NCL_eof_1_1.py

Calculate EOFs of the Sea Level Pressure over the North Atlantic.

This script illustrates the following concepts:
  • Calculating EOFs

  • Drawing a time series plot

  • Using coordinate subscripting to read a specified geographical region

  • Rearranging longitude data to span -180 to 180

  • Calculating symmetric contour intervals

  • Drawing filled bars above and below a given reference line

  • Drawing subtitles at the top of a plot

  • Reordering an array

See following URLs to see the reproduced NCL plot & script:
Note (1):

So-called original NCL plot “eof_1_2_lg.png” given in the above URL is likely not identical to what the given NCL original script generates. When the given NCL script is run, it generates a plot with identical data to that is plotted by this Python script.

import cartopy.crs as ccrs
import geocat.datafiles as gdf
import geocat.viz.util as gvutil
import matplotlib.pyplot as plt
import numpy as np

Import packages:

import xarray as xr
from geocat.comp import eofunc_eofs, eofunc_pcs, month_to_season
from geocat.viz import cmaps as gvcmaps

User defined parameters and a convenience function:

# In order to specify region of the globe, time span, etc.
latS = 25.
latN = 80.
lonL = -70.
lonR = 40.

yearStart = 1979
yearEnd = 2003

neof = 3  # number of EOFs

Read in data:

# Open a netCDF data file using xarray default engine and load the data into xarrays
ds = xr.open_dataset(gdf.get('netcdf_files/slp.mon.mean.nc'))

Out:

/home/docs/checkouts/readthedocs.org/user_builds/geocat-examples/conda/latest/lib/python3.8/site-packages/xarray/coding/times.py:113: SerializationWarning: Ambiguous reference date string: 1-1-1 00:00:0.0. The first value is assumed to be the year hence will be padded with zeros to remove the ambiguity (the padded reference date string is: 0001-1-1 00:00:0.0). To remove this message, remove the ambiguity by padding your reference date strings with zeros.
  warnings.warn(warning_msg, SerializationWarning)

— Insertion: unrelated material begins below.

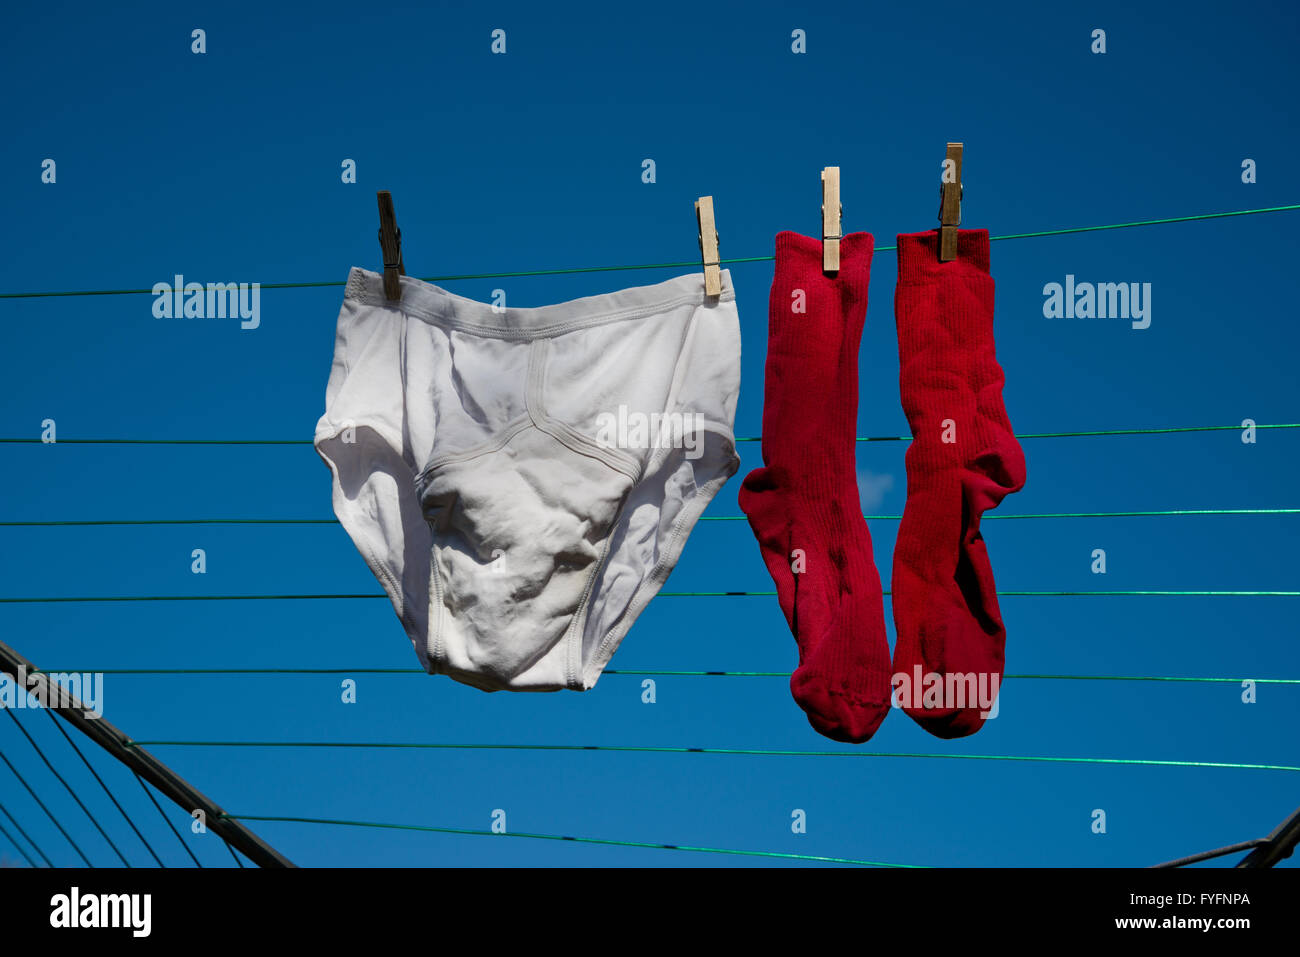 Washed clothes hanging out to dry on a washing line. Male

Flip and sort longitude coordinates:

# To facilitate data subsetting

ds["lon"] = ((ds["lon"] + 180) % 360) - 180

# Sort longitudes, so that subset operations end up being simpler.
ds = ds.sortby("lon")

Place latitudes in increasing order:

# To facilitate data subsetting

ds = ds.sortby("lat", ascending=True)

Limit data to the specified years:

startDate = f'{yearStart}-01-01'
endDate = f'{yearEnd}-12-31'

ds = ds.sel(time=slice(startDate, endDate))

Compute desired global seasonal mean using month_to_season()

# Choose the winter season (December-January-February)
season = "DJF"
SLP = month_to_season(ds, season)

Create weights: sqrt(cos(lat)) [or sqrt(gw) ]

clat = SLP['lat'].astype(np.float64)
clat = np.sqrt(np.cos(np.deg2rad(clat)))

Multiply SLP by weights:

# Xarray will apply latitude-based weights to all longitudes and timesteps automatically.
# This is called "broadcasting".

wSLP = SLP
wSLP['slp'] = SLP['slp'] * clat

# For now, metadata for slp must be copied over explicitly; it is not preserved by binary operators like multiplication.
wSLP['slp'].attrs = ds['slp'].attrs
wSLP['slp'].attrs['long_name'] = 'Wgt: ' + wSLP['slp'].attrs['long_name']

Subset data to the North Atlantic region:

xw = wSLP.sel(lat=slice(latS, latN), lon=slice(lonL, lonR))

Compute the EOFs:

# Transpose data to have 'time' in the first dimension
# as `eofunc` functions expects so for xarray inputs for now
xw_slp = xw["slp"].transpose('time', 'lat', 'lon')

eofs = eofunc_eofs(xw_slp, neofs=neof, meta=True)

pcs = eofunc_pcs(xw_slp, npcs=neof, meta=True)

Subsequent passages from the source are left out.